Records for the task:
━━━━━━━━━━━━━━━━
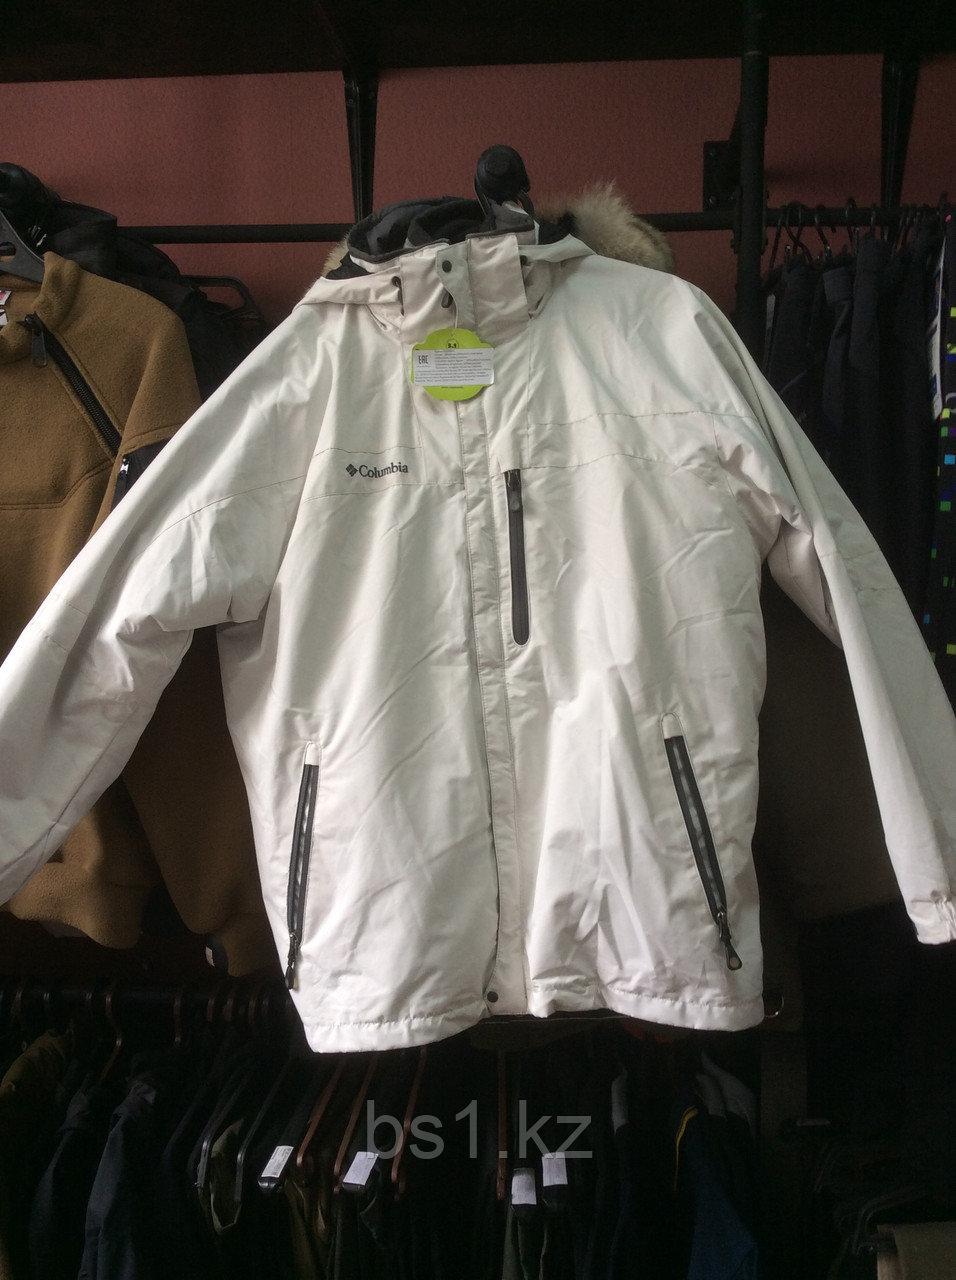 Куртка Columbia 2 в 1 ( 3 в 1 ) - фото 1
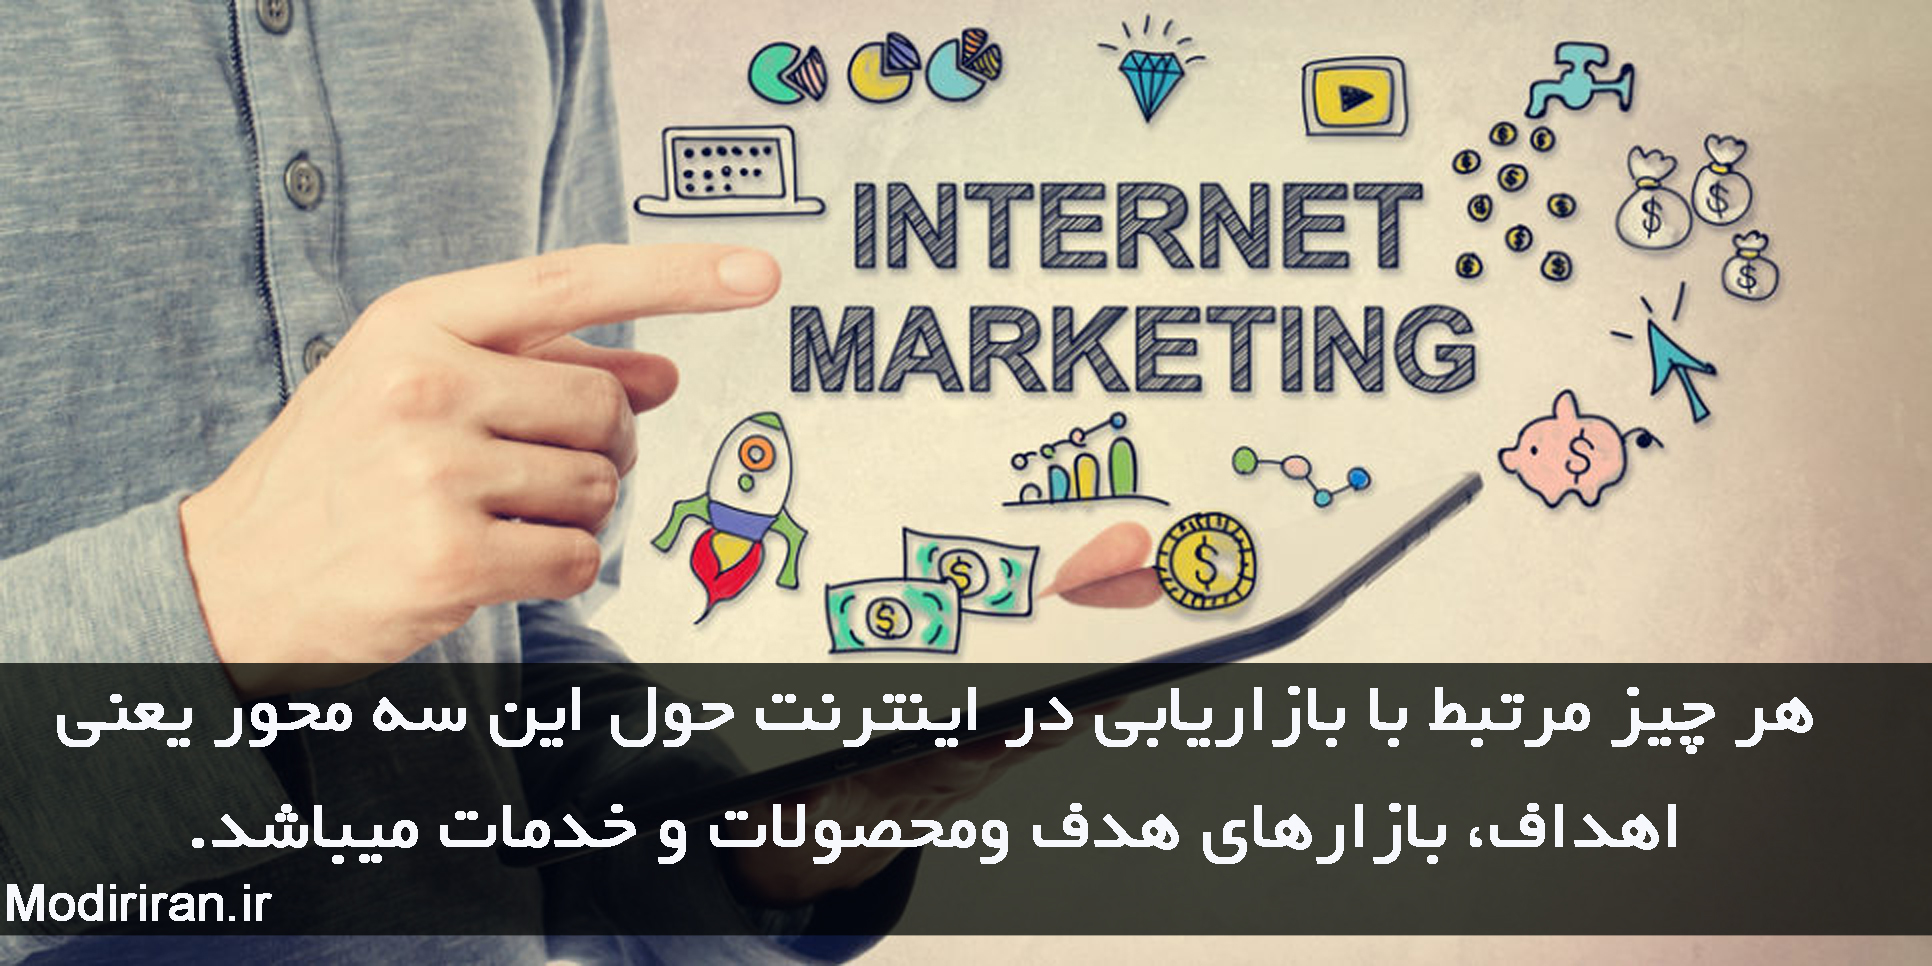 بازاریابی در اینترنت
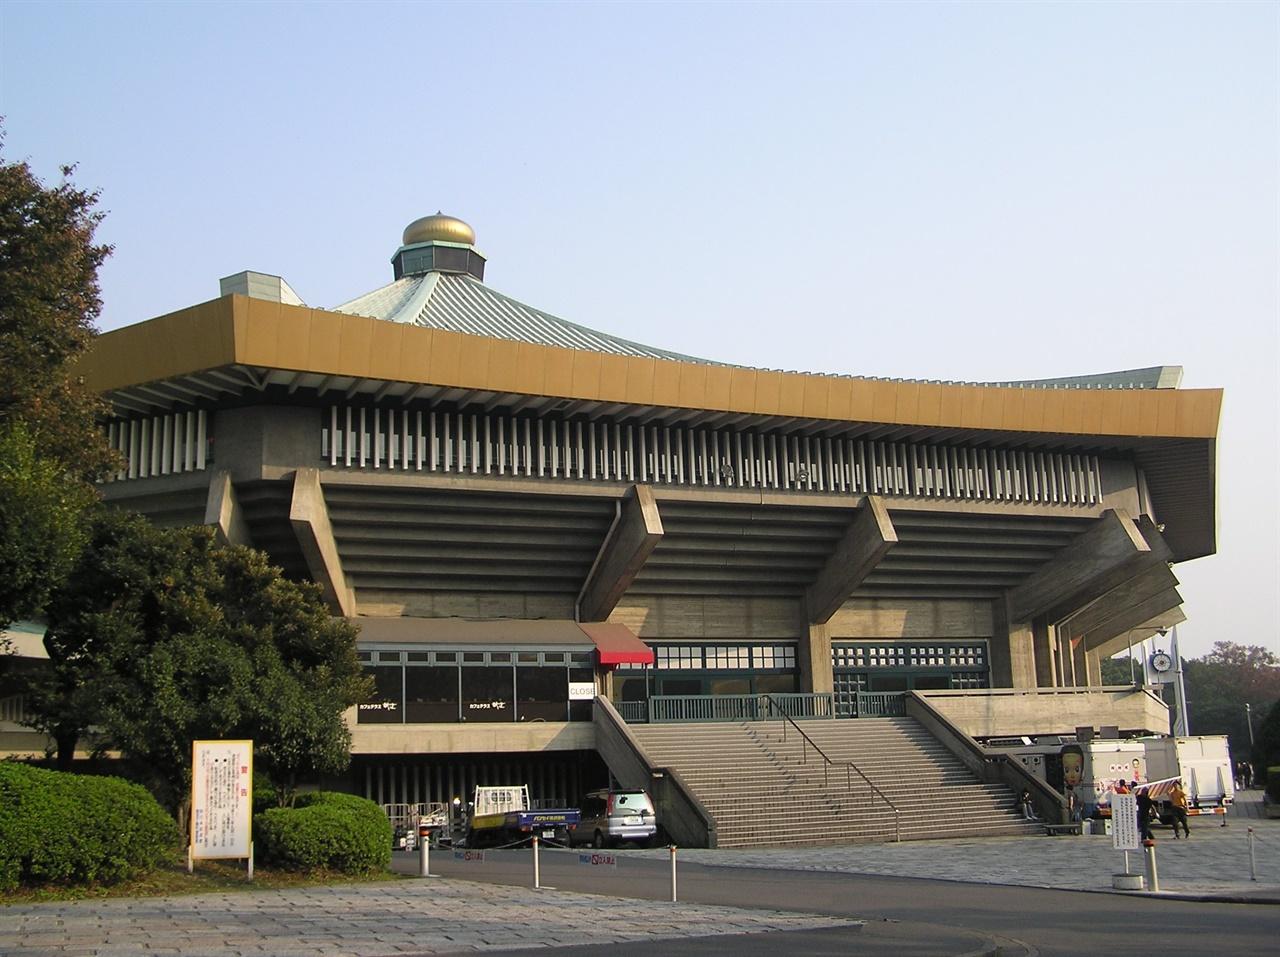 2020 도쿄 올림픽의 복싱과 가라테 경기가 열리는 무도관의 모습.(CC-BY-3.0)
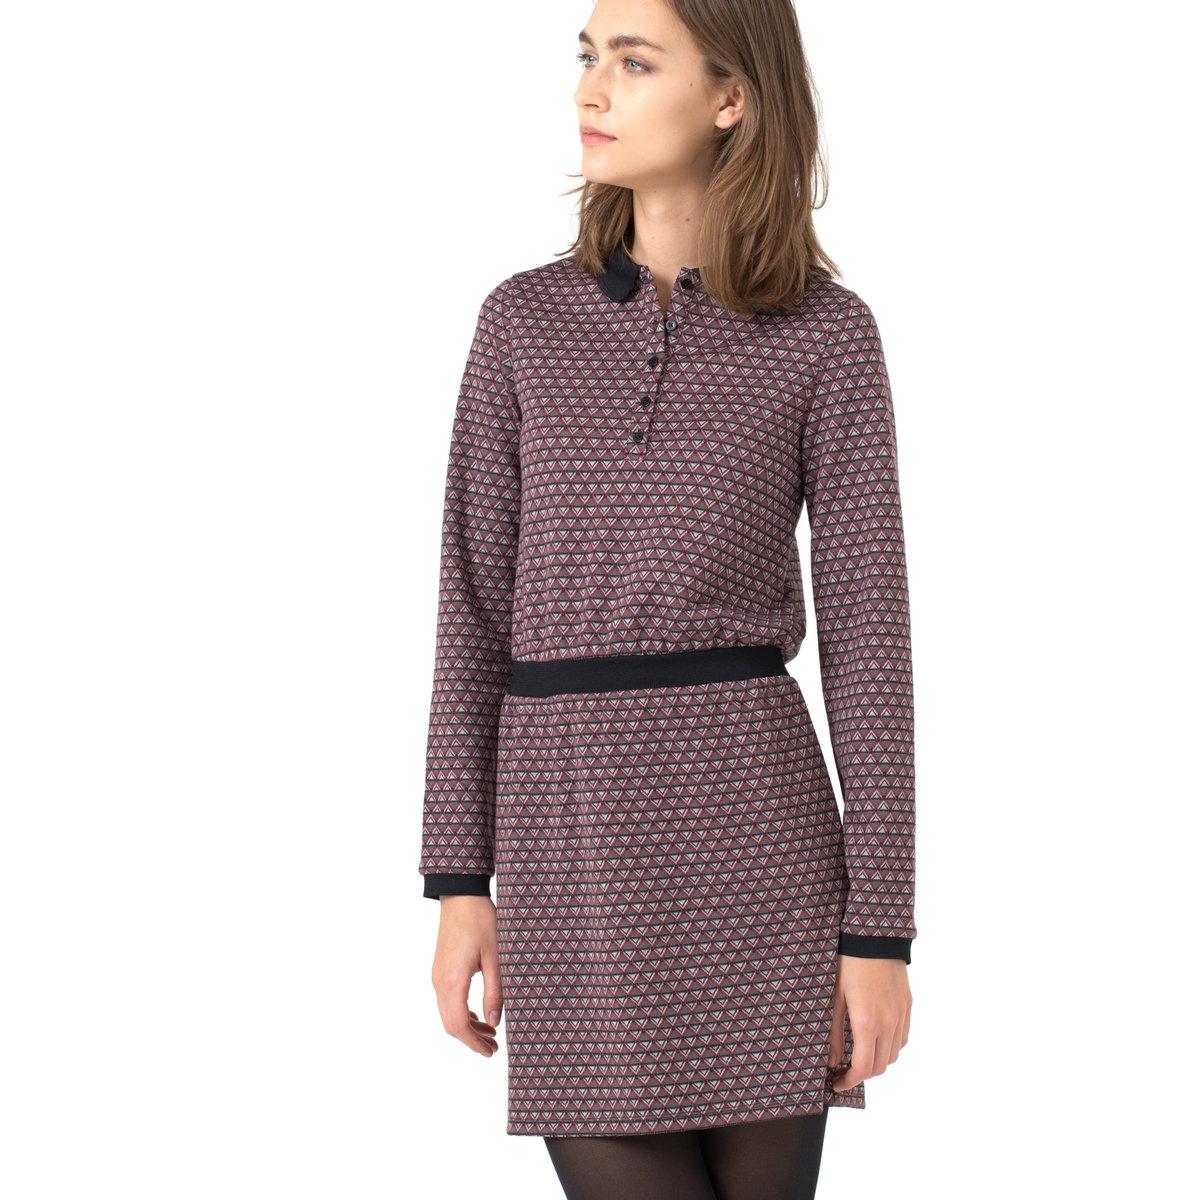 Платье из жаккардового трикотажа с воротником-полоПлатье, 97% полиэстера, 3% эластана.<br><br>Цвет: жакард<br>Размер: 42/44 (FR) - 48/50 (RUS).38/40 (FR) - 44/46 (RUS)
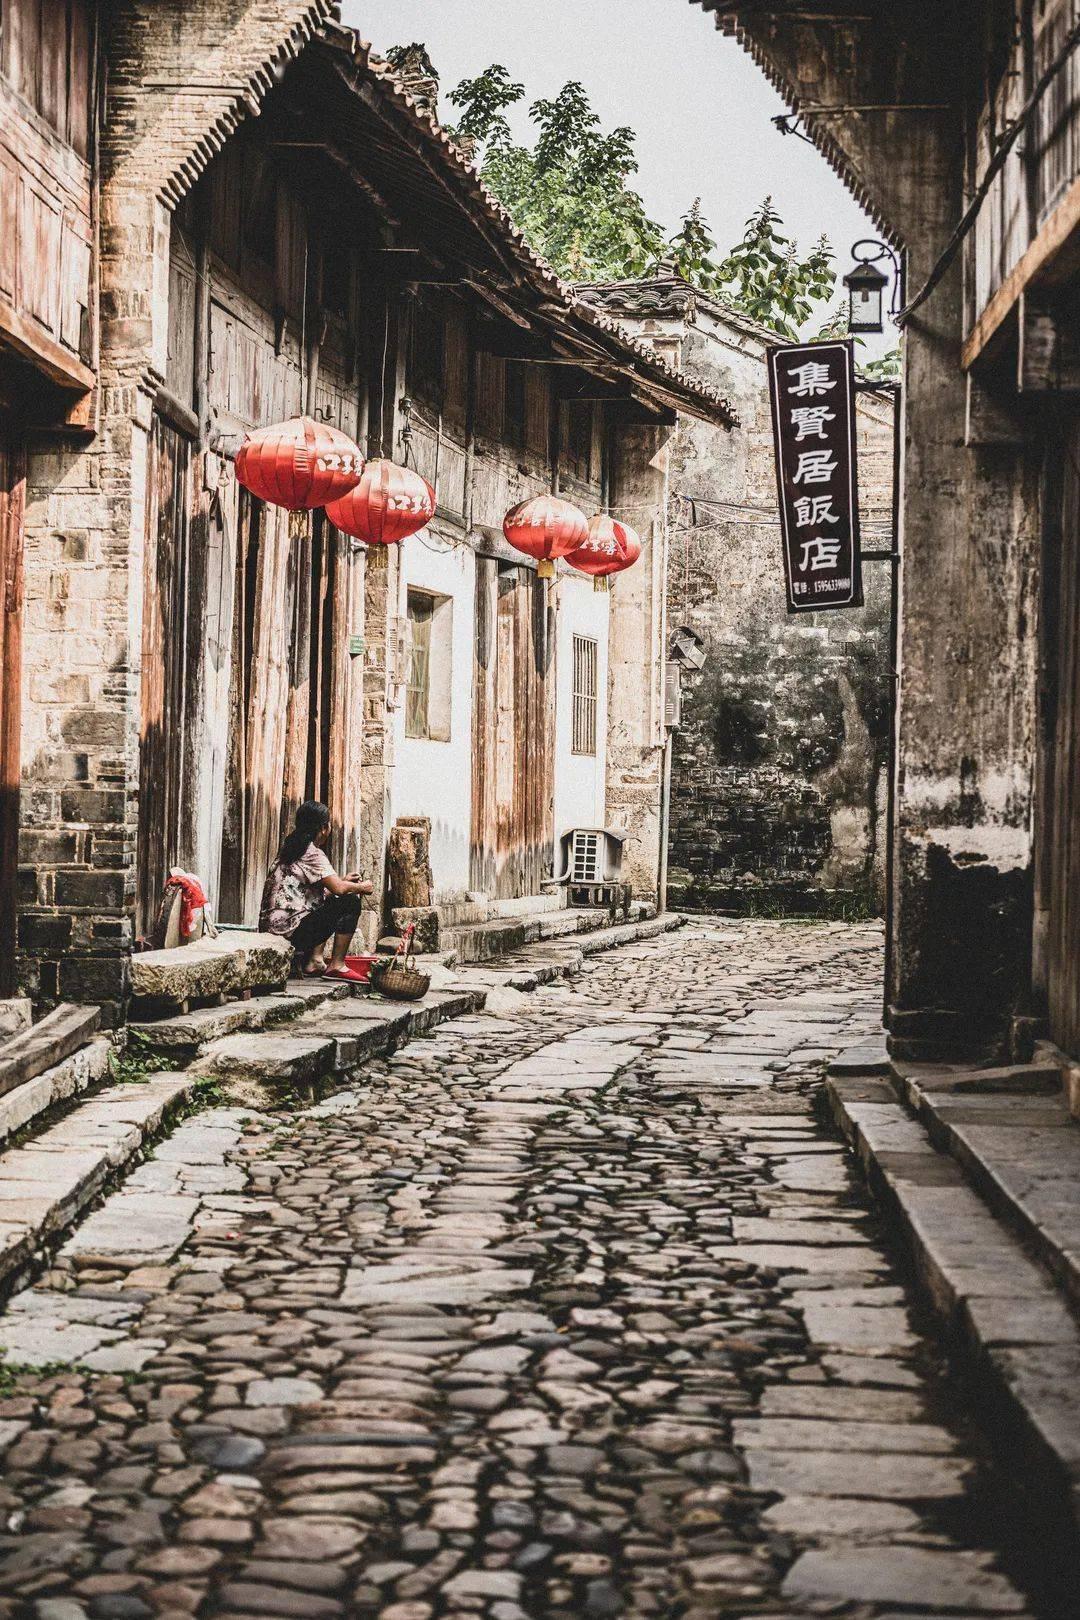 隐藏在泾县的百年老街,一进去就能瞬间穿越!
━━━━━━━━━━━━━━━━
Exercise:
Omitting all pictures, give the preceding listing again exactly.

Exercise output:
 Куртка Columbia 2 в 1 ( 3 в 1 ) - фото 1
 بازاریابی در اینترنت
 2020 도쿄 올림픽의 복싱과 가라테 경기가 열리는 무도관의 모습.(CC-BY-3.0)
 Платье из жаккардового трикотажа с воротником-полоПлатье, 97% полиэстера, 3% эластана.<br><br>Цвет: жакард<br>Размер: 42/44 (FR) - 48/50 (RUS).38/40 (FR) - 44/46 (RUS)
 隐藏在泾县的百年老街,一进去就能瞬间穿越!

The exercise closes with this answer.